### PROBLEM TO SOLVE
From the records below, copy the lines that include "Titel".

(Saved entries)
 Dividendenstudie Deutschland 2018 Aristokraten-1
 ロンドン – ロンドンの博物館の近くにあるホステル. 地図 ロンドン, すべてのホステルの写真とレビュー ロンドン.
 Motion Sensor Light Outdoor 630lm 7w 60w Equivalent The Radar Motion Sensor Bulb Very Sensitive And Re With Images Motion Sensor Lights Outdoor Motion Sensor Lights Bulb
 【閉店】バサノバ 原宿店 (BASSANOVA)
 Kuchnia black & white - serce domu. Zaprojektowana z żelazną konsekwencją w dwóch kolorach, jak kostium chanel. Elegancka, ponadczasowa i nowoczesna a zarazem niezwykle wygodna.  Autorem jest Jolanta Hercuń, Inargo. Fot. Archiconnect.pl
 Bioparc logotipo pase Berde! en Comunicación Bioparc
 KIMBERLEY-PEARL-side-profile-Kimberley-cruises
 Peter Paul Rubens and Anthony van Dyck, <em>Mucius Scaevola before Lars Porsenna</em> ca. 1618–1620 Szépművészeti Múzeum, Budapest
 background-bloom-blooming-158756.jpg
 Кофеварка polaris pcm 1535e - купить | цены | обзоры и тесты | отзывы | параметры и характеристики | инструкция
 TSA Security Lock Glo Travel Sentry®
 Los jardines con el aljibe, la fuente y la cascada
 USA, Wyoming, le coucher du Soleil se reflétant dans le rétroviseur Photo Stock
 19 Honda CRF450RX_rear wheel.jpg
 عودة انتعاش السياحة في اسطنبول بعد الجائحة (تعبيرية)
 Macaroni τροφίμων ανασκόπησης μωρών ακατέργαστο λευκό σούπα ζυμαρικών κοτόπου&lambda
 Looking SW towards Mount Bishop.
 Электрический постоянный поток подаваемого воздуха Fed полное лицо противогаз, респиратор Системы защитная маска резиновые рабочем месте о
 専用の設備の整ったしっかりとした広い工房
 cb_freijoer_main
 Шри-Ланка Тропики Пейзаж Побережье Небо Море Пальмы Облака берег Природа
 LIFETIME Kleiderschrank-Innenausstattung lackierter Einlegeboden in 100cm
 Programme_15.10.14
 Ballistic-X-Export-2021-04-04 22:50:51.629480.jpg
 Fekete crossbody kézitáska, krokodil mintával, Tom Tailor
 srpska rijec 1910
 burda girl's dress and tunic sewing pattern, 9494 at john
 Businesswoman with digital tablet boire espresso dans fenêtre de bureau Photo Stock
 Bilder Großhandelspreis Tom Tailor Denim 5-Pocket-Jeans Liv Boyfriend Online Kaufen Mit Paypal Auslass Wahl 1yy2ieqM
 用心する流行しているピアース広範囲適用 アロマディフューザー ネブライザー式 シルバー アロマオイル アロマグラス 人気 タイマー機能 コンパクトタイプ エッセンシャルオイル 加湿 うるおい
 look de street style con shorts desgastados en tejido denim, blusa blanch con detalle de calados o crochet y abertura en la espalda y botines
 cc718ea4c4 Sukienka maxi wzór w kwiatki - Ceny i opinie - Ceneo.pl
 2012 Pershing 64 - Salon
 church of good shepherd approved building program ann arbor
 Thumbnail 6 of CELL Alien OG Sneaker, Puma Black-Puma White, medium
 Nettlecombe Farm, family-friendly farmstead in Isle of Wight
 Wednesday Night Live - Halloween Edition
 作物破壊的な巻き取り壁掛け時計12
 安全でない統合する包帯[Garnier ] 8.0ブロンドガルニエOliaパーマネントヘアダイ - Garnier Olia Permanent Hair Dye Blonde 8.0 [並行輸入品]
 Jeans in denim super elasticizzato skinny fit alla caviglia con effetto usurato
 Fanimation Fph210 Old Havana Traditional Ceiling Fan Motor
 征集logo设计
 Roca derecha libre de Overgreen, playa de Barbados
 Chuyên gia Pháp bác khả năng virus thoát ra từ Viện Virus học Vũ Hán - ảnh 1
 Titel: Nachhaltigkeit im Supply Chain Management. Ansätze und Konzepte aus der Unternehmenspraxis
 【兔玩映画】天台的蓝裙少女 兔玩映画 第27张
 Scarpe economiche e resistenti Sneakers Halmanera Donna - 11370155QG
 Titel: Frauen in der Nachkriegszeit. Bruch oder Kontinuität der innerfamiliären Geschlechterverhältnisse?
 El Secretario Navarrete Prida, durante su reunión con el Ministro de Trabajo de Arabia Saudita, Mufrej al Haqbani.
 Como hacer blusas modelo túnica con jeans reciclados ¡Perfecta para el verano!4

### SOLUTION BELOW
 Titel: Nachhaltigkeit im Supply Chain Management. Ansätze und Konzepte aus der Unternehmenspraxis
 Titel: Frauen in der Nachkriegszeit. Bruch oder Kontinuität der innerfamiliären Geschlechterverhältnisse?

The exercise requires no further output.